Salvador Dali: Getting to Know You
This is Sandy Brown Jensen, and you’re listening to Viz City, KLCC’s arts review program, broadcasting today from the Belfry Tower in Brugge, Belgium, where a big Salvador Dali exhibit is taking up a spacious gallery on the ground floor.
I’d like to take you to see two different groups of Dali’s surrealist images: the first is about food, the second is about Alice in Wonderland.
The lithographs about food are called by his wife’s name, “”Gala’s Dinner’s.” I get a kick out of the way big tables of food are transformed literally into “food porn,” with body parts turned into suggestive foodstuffs.
For example, one image at first glance looks like a bundt cake with a little doll on top. The cake is the doll’s skirt made out of lobsters and sausages. The frosting appears to have a dozen severed heads laughing in it.
The more I look the more I see; and the more I see, the more I laugh, and the more I am disturbed, as well, two reactions that I think would please Dali, who famously said, “Dali does not DO drugs; Dali IS drugs!”

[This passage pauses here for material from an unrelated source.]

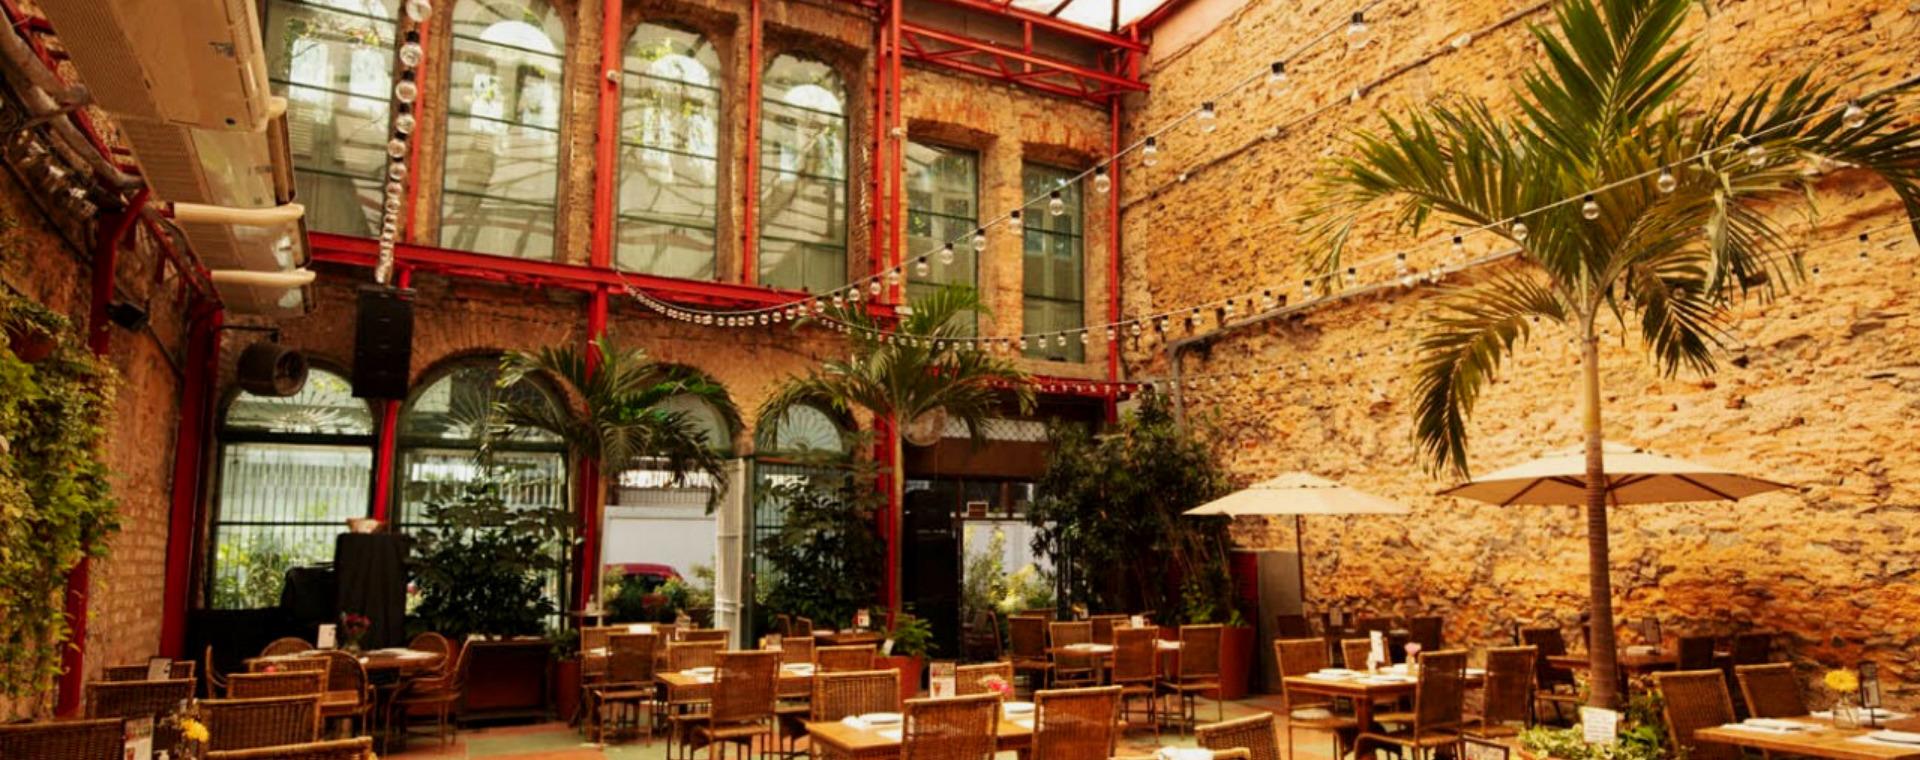 Restaurante Cais do Oriente

People say they don’t get Dali’s surrealism, yet in the next breath read “Alice in Wonderland” to their kids, which is about as surreal as it gets.
Dali did illustrations for a special edition of Lewis Carroll’s famous book, and I have no doubt that anyone familiar with the book would be able to understand the surrealism in these images; the pack of playing cards, the hookah-smoking caterpillar, the Cheshire Cat.
If you let it, something in the back of your mind sort of unhinges, floats free, and now you have a way in to understand more and more of Dali’s wonderful, surreal world.